In this blog post, I will develop and asses a fake news classifier
Making a data set
After reading in the data, I created a function that removes stop words (as, the, of, etc.) using nltk.corpus. The function also returns a dataset with title and text of an article as the inputs and fake as the output.
from nltk.corpus import stopwords
stop = stopwords.words('english')
def make_dataset(inpdata):
inpdata["title"] = inpdata["title"].apply(lambda x: ' '.join([word for word in x.split() if word not in (stop)]))

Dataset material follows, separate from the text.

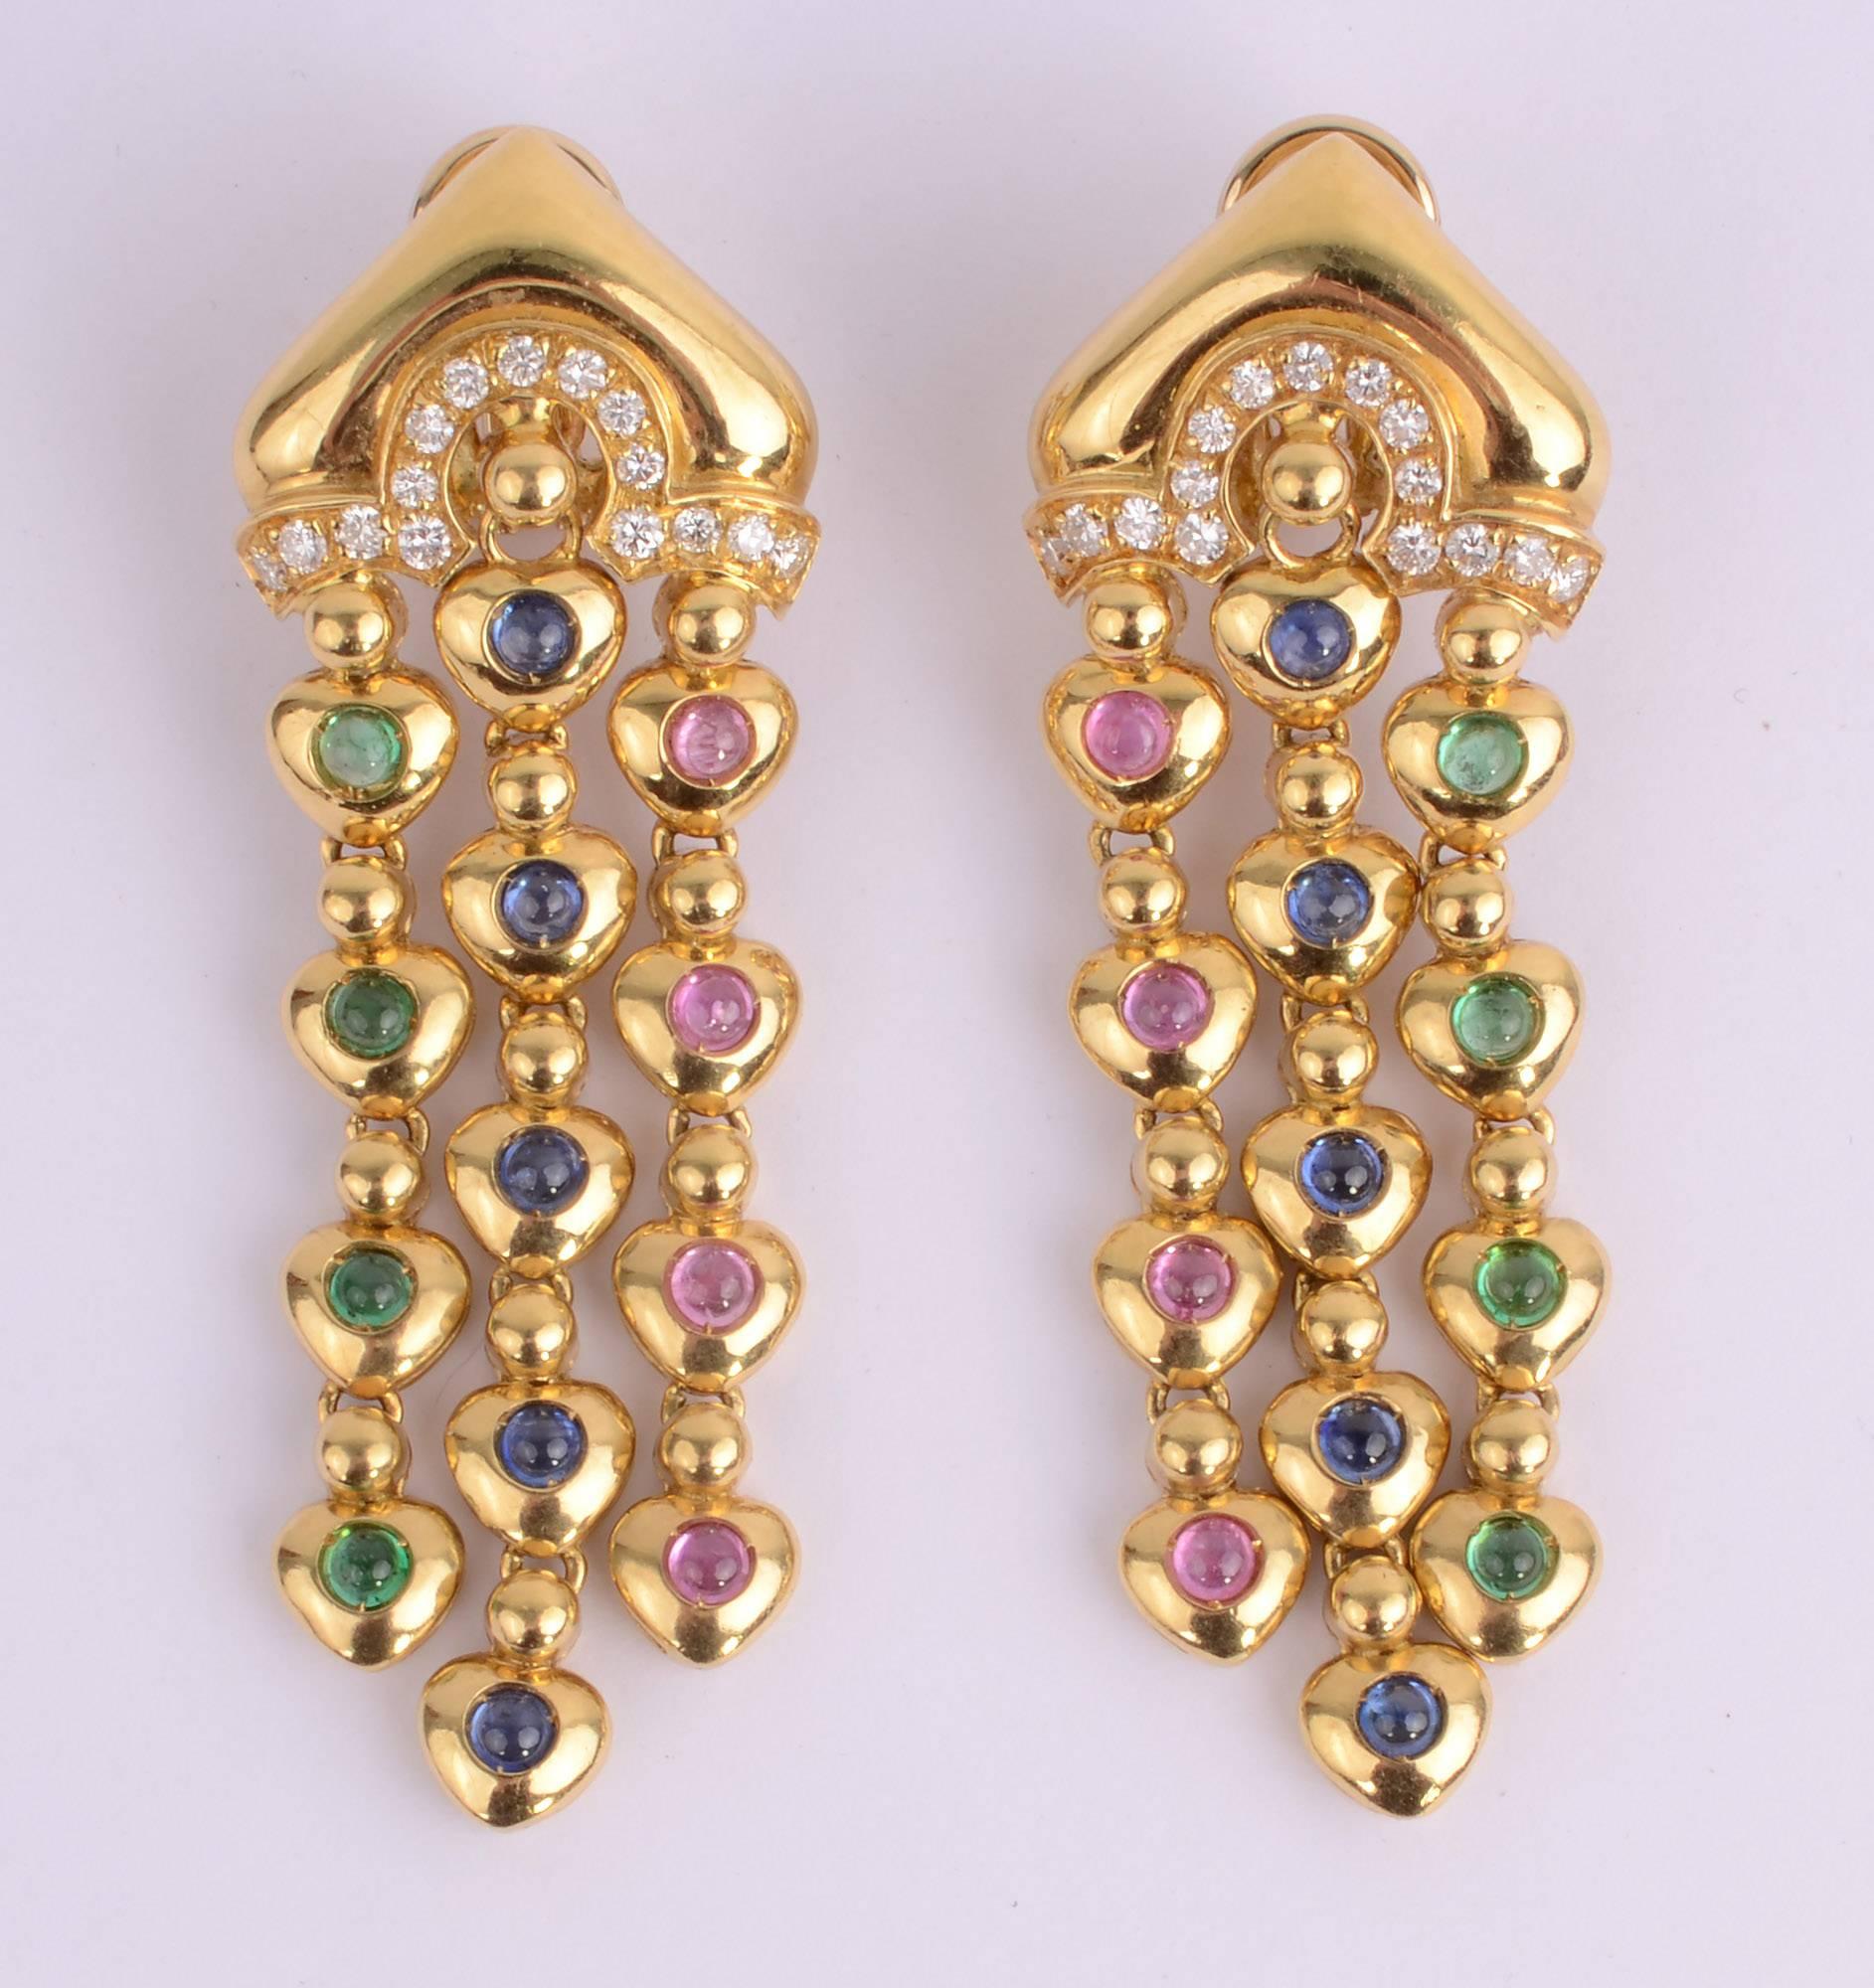 Exquises boucles d'oreilles pendantes en or 18 carats de Salavetti avec des diamants sur le dessus et des filaments de tourmalines roses, vertes et bleues. Ils mesurent 2 5/8 pouces de longueur et 7/8 pouces de largeur sur le dessus. Les dos
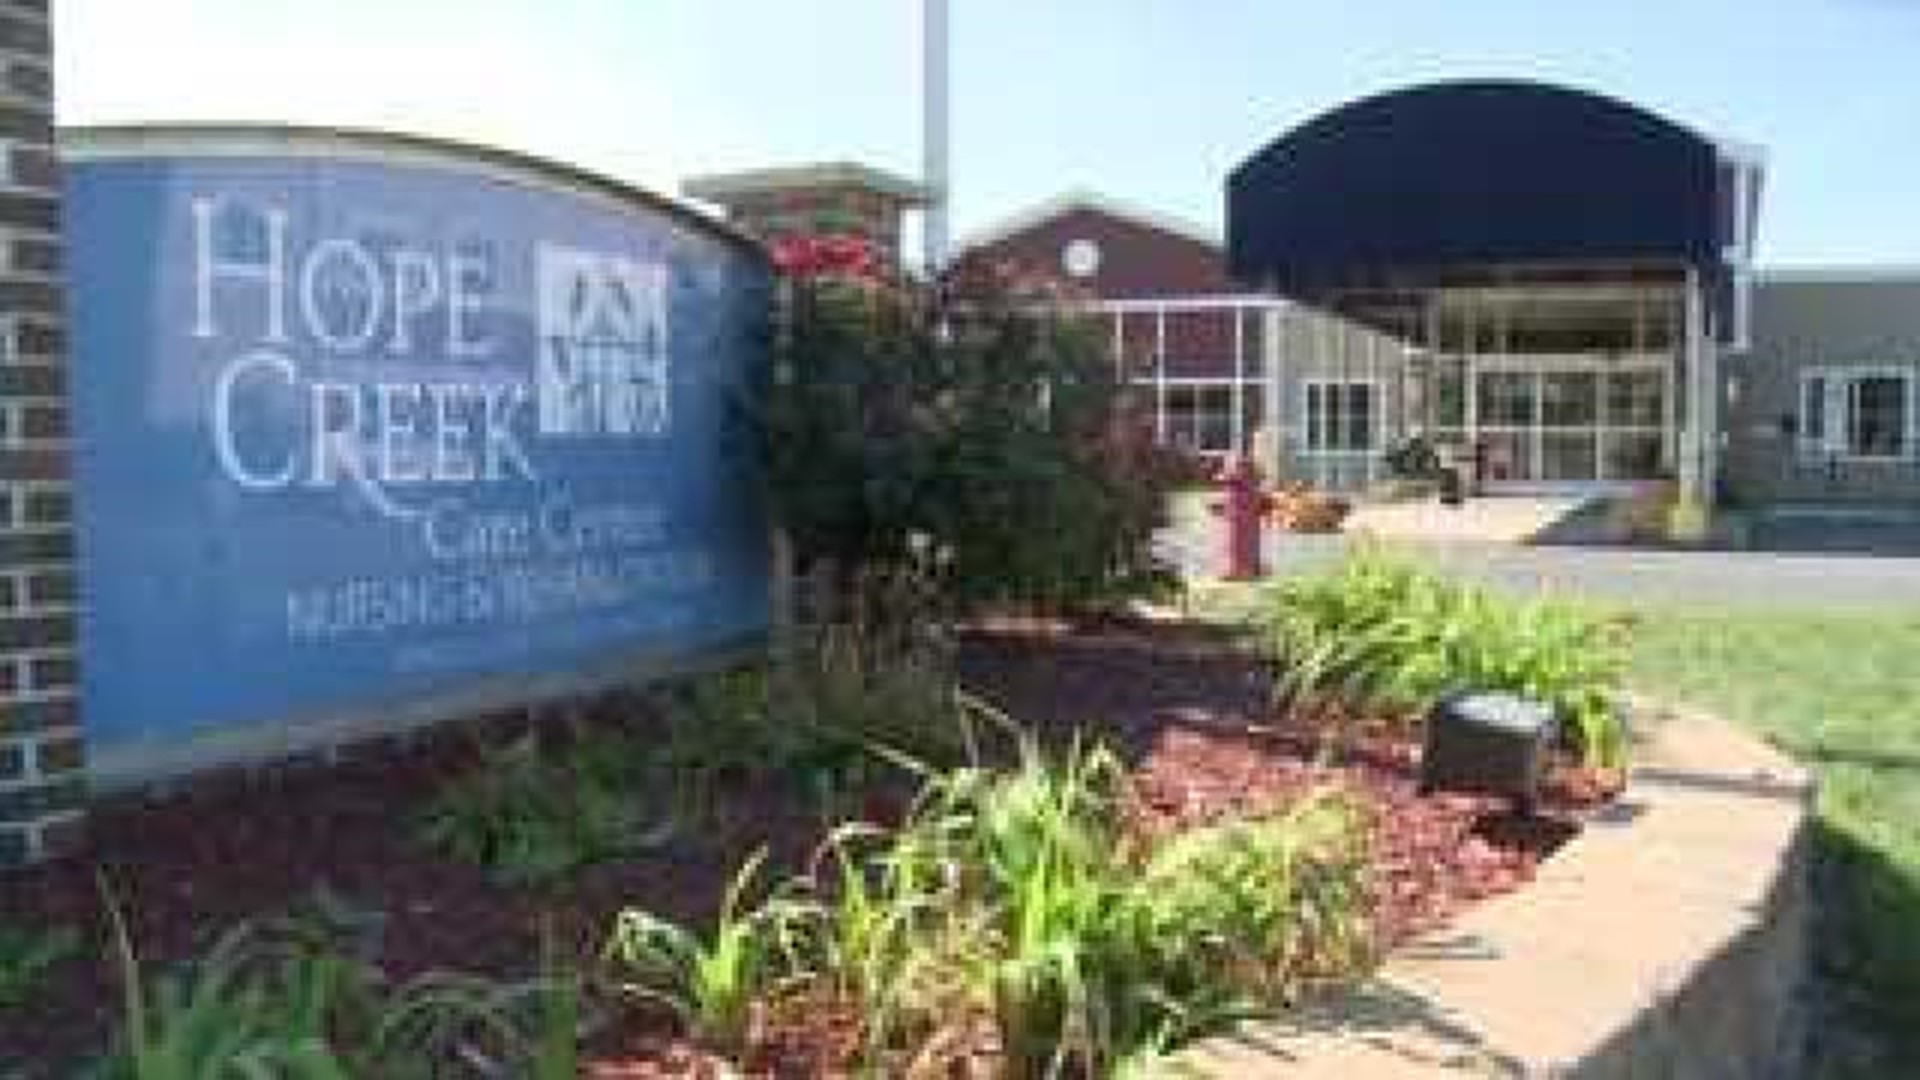 Hope Creek employees surprised by sales talk

inpdata['text'] = inpdata['text'].apply(lambda x: ' '.join([word for word in x.split() if word not in (stop)]))
data = tf.data.Dataset.from_tensor_slices(
( # dictionary for input data/features
{ "title": inpdata[["title"]],
"text": inpdata[["text"]]
},
# dictionary for output data/labels
{ "fake": inpdata["fake"] #single brackets will return one column, two brackets will return a full df
}
)
)
return data.batch(100)
Validation
Then I split 20% of the dataset I made to use for validation.
mydata = make_dataset(mydata)
mydata = mydata.shuffle(buffer_size = len(mydata))
train_size = int(0.8*len(mydata))
val_size = int(0.2*len(mydata)) #20% validation
train = mydata.take(train_size)
val = mydata.skip(train_size).take(val_size)
Base Rate
In order to determine the base rate, I start by creating an iterator to evaluate the labels on the training data
labels_iterator= train.unbatch().map(lambda dict_title_text, label: label).as_numpy_iterator()
Then I create two integers. Depending on value in the label, fake, one of these integer variables will increase. This keeps track of how many fake and real articles there are. This will be used to determine the accuracy of the model (the base rate).
first_num = 0 #create an int
sec_num = 0 #create an int
for i in labels_iterator:
if i["fake"]==0: #if its not fake, increase the value of the first int
first_num+=1
else: #if its fake, increase the value of the second int
sec_num+=1
Text Vectorization
#preparing a text vectorization layer for tf model
size_vocabulary = 2000
def standardization(input_data):
lowercase = tf.strings.lower(input_data)
no_punctuation = tf.strings.regex_replace(lowercase,
'[%s]' % re.escape(string.punctuation),'')
return no_punctuation
title_vectorize_layer = TextVectorization(
standardize=standardization,
max_tokens=size_vocabulary, # only consider this many words
output_mode='int',
output_sequence_length=500)
title_vectorize_layer.adapt(train.map(lambda x, y: x["title"]))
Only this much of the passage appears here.